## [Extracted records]
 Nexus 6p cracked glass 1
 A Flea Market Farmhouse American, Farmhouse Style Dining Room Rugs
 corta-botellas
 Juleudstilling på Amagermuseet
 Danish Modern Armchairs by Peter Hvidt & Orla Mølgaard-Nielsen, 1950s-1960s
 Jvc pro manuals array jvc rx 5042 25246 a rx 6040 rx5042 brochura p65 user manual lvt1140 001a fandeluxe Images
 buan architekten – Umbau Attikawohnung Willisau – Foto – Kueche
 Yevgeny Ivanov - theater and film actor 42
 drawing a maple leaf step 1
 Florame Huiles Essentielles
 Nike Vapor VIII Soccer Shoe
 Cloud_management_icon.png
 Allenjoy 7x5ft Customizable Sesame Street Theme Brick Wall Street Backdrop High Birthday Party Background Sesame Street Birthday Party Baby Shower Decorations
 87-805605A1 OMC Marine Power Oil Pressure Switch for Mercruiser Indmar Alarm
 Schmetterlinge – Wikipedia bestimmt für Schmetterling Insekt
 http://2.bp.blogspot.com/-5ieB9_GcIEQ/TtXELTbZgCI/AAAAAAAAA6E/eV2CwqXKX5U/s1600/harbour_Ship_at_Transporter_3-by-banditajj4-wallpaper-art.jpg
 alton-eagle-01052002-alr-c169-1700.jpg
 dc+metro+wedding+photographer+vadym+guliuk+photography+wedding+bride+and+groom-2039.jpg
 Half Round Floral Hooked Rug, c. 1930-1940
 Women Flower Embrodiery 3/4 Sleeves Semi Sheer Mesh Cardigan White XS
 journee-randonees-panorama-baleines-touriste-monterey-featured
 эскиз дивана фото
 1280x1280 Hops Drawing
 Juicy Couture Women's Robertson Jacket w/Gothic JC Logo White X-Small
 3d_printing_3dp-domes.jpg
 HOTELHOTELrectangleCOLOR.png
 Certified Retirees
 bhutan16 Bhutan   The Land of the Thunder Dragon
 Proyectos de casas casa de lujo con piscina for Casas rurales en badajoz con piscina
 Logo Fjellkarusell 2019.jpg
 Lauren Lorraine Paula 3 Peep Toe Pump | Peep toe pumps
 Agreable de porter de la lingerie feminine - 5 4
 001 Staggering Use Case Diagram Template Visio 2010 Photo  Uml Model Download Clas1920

## [BRIEF]
Each line above that contains the string "Logo" should be identified and copied.

## [TASK ANSWER]
 Juicy Couture Women's Robertson Jacket w/Gothic JC Logo White X-Small
 Logo Fjellkarusell 2019.jpg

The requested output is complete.